The manufacturing industry accounted for almost 20 percent of Indonesia’s gross domestic product (GDP), the largest among other business sectors. Meanwhile, household consumption contributed to more than half of the economy.

At least 16,400 people in Indonesia have contracted COVID-19 as of Friday afternoon, with the death toll exceeded 1,000, according to official data.
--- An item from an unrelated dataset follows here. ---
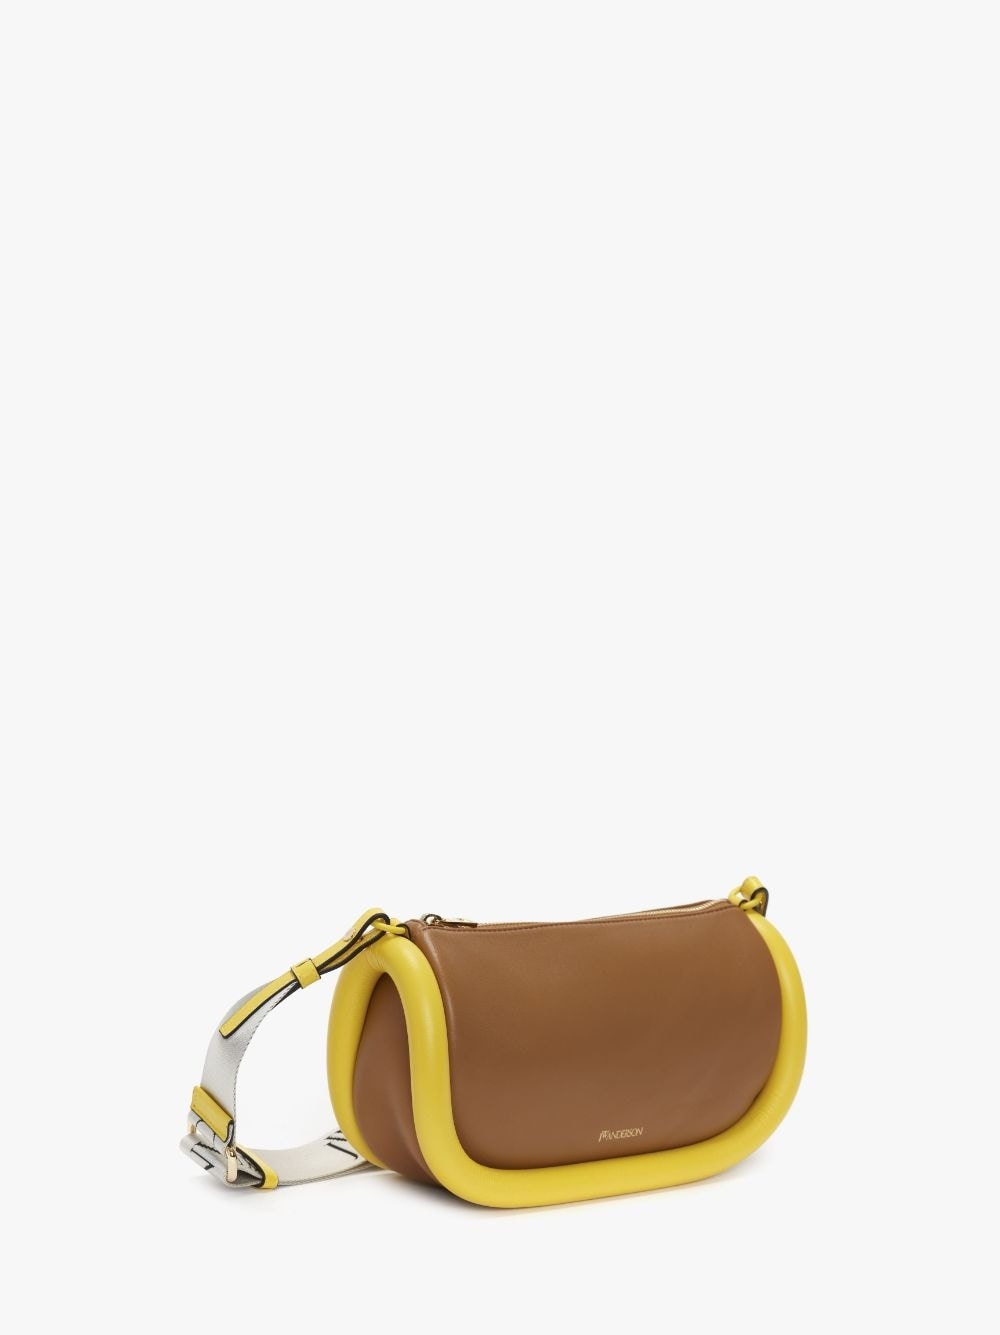 BUMPER-15 - LEATHER CROSSBODY BAG WITH ADDITIONAL WEBBING STRAP - 2

The outbreak has forced shops, factories, offices and schools to shut down as part of the government’s large scale social restriction (PSBB) policy in several regions, including manufacturing centers Jakarta and West Java.

China using trade sanctions as weapon to silence coronavirus criticism

Trying to silence criticism over the coronavirus pandemic, China is deploying a well-used weapon — trade sanctions. Beijing has blocked some imports of Australian beef after Prime Minister Scott Morrison’s government, endorsed by Washington, called for a robust inquiry into the origins of the outbreak and rebuffed Chinese demands to back off.

The move is the first time Beijing has used access to its huge markets as leverage in its campaign to deflect blame for the outbreak. But it has used the tactic regularly in political disputes over the past decade.